An industry-led initiative backed by major advertising associations and Springboards is launching the world's first benchmark to evaluate large language models (LLMs) for creativity within advertising.
The benchmark, involving organisations such as ACA, 4A's, APG, D&AD, IAA, IPA and The One Club for Creativity, is designed to identify which LLMs provide the most valuable support for creative inspiration, ideation, variation and problem-solving throughout the advertising process.
The new project arises amid growing adoption of AI tools by strategists and creatives, and addresses a recognised need for industry-specific metrics around creative performance. The initiative sets out to distinguish the models that offer not just accurate or logical responses, but genuine creative contribution—a point emphasised by several stakeholders involved in the project.
"Existing AI benchmarks test logic, accuracy, and comprehension," said Pip Bingemann, CEO and Co-founder at Springboards. "But advertising isn't about right answers, it's about originality, insight, and impact. This will be the first benchmark designed around the real creative instincts we value in agencies and brands so that people in creative industries can understand what models are good for the work they do."
The benchmark is the result of collaboration between a technical and research team, including specialist PhDs in machine learning, AI engineers, and former Google researchers. The group has sought to combine quantitative data analysis with qualitative human judgement, to reflect the nuanced and subjective nature of creativity in commercial communications.
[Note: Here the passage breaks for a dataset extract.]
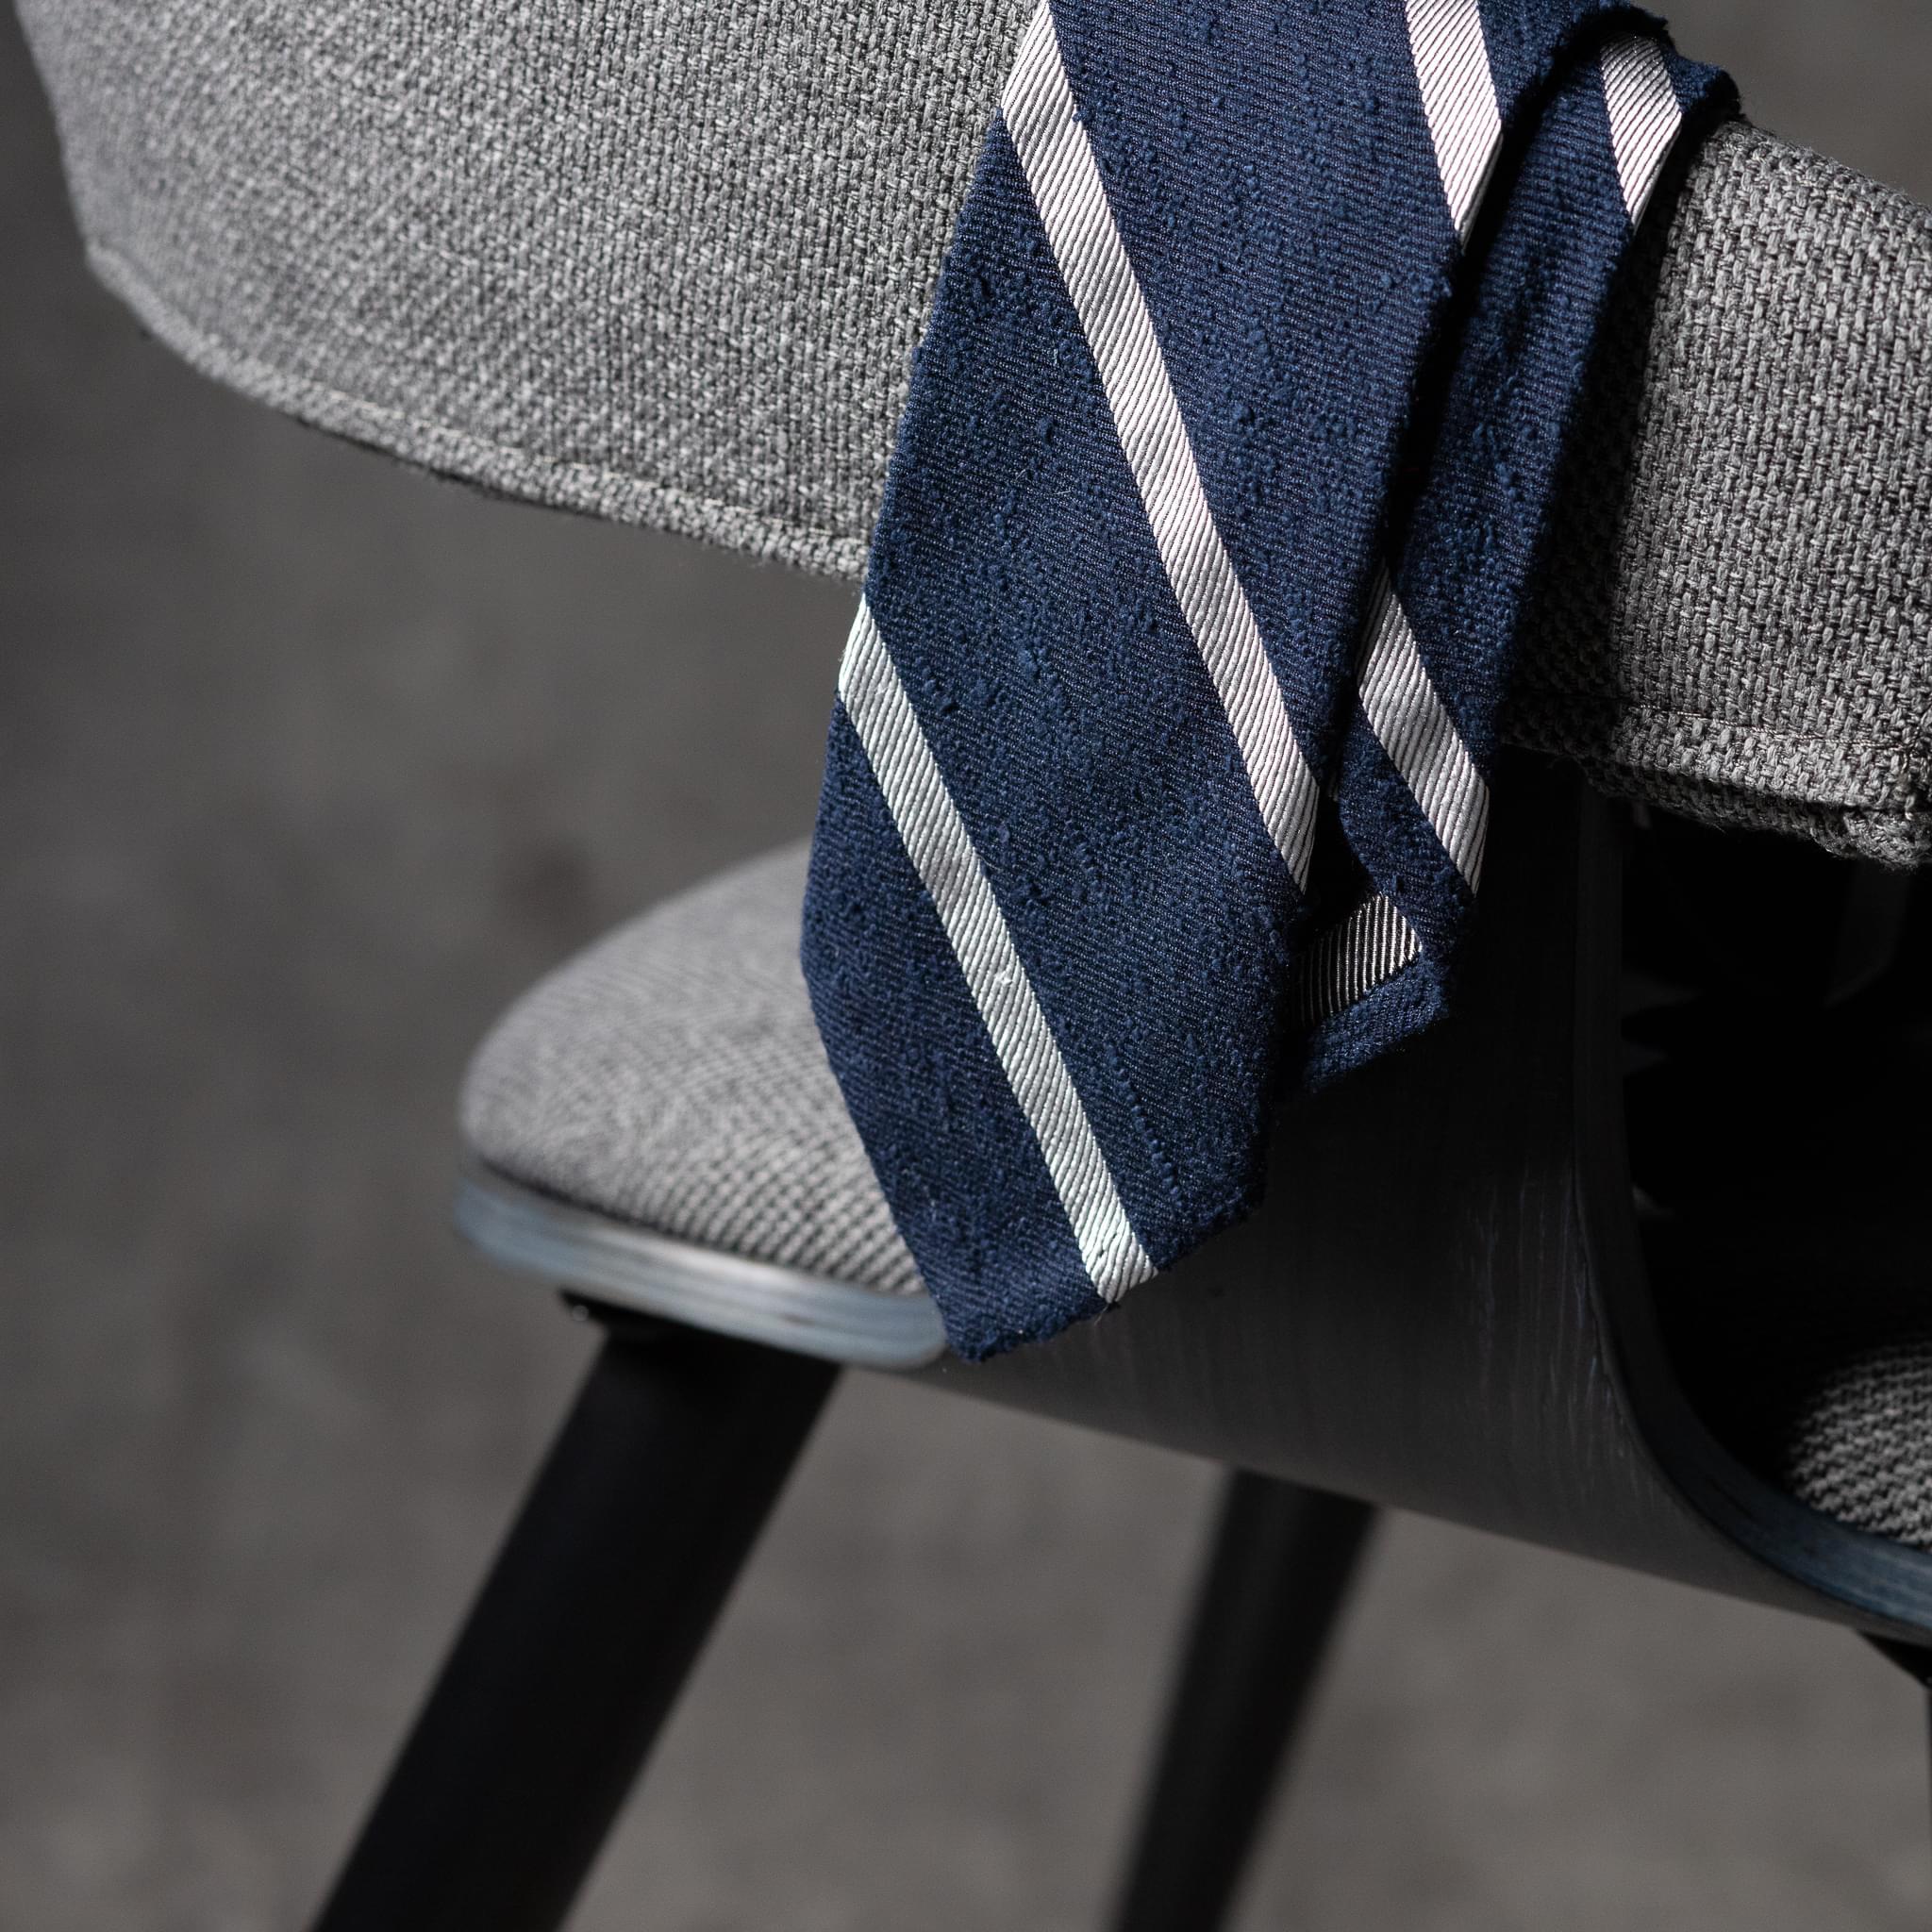 SHANTUNG-0361-Tie-Initials-Corbata-Iniciales-The-Seelk-2

Creative instincts at the core
Unlike traditional AI assessments which focus on accuracy and correctness, the new evaluation centres on criteria directly relevant to creative output. This includes human judgement of idea quality, the degree of creativity shown (both in insight and more unconventional 'wild' ideas), the variance or originality of output, and problem-solving abilities that test thinking beyond conventional confines. The results of LLMs are compared both by human judges and through AI, to assess how closely model outputs align with genuine human taste.
An interactive approach is also planned for the benchmarking process. Global participants will review and judge AI-generated ideas through an interface described as "Tinder for Ideas", while receiving personal feedback about their own creative preferences, as well as recommendations for LLMs best suited to their style.
Industry leaders on the benchmark
Industry executives from supporting organisations have underlined the importance of the benchmark, particularly as agencies worldwide look to integrate AI in more meaningful and effective ways within their creative workflows.
"This benchmark is an exciting moment for our industry," said Tony Hale, CEO, Advertising Council Australia. "Harnessing the potential of LLMs to complement and elevate creative thinking is critical. We're proud to help lead this industry-first initiative, one that's not just pushing boundaries, but shaping the future of creativity itself."
Tom Roach, Vice President Brand Strategy at Jellyfish/Brandtech and speaking on behalf of the APG, highlighted the current gap in resources for the creative sector:
"There's a ton of stuff about how good different LLMs are at solving maths problems, coding and logic-based tasks and tests. But that's not much use for the creative industries. We need to know which models are best at generating new and original creative ideas, but at the moment we're all flying blind on that. It's exciting to be involved in a project that can help us be more creative with this incredible new technology and help the industry as a whole make better informed decisions on the AI tech we use to drive better results for our clients."
Zoe Scaman, Founder of Bodacious, addressed the benchmarking project's potential to clarify how AI contributes to creative processes:
"We're at a crossroads in the creative industries. AI is already embedded in our workflows, shaping ideas and generating outputs, but we've had no meaningful way to assess its contribution to creativity itself. This benchmark changes that. It's not about pitting machines against humans, but about understanding which tools can genuinely elevate our thinking, unlock new directions, and push creative boundaries. If we want to harness AI not just for efficiency but for originality, we need standards rooted in real creative instincts, not just logic and grammar. That's what this initiative delivers. And that's why it's vital, especially now."
James Hurman, Founding Partner of Previously Unavailable, also commented on the value of AI for stimulating human creativity:
"The future of creativity is human – but AI's ability to stimulate human creativity is exciting. Especially when we can learn which models produce the kind of interesting, divergent, and sometimes bonkers provocations that trigger our own individual creative brains in just the right way."
Participant involvement
The study is currently open to participants, who are invited to judge the outputs from different LLMs and contribute to the development of the benchmark. The results are intended not only to inform best practice within the advertising and marketing sectors, but also to provide practical insights for individuals seeking to enhance creative output using AI tools.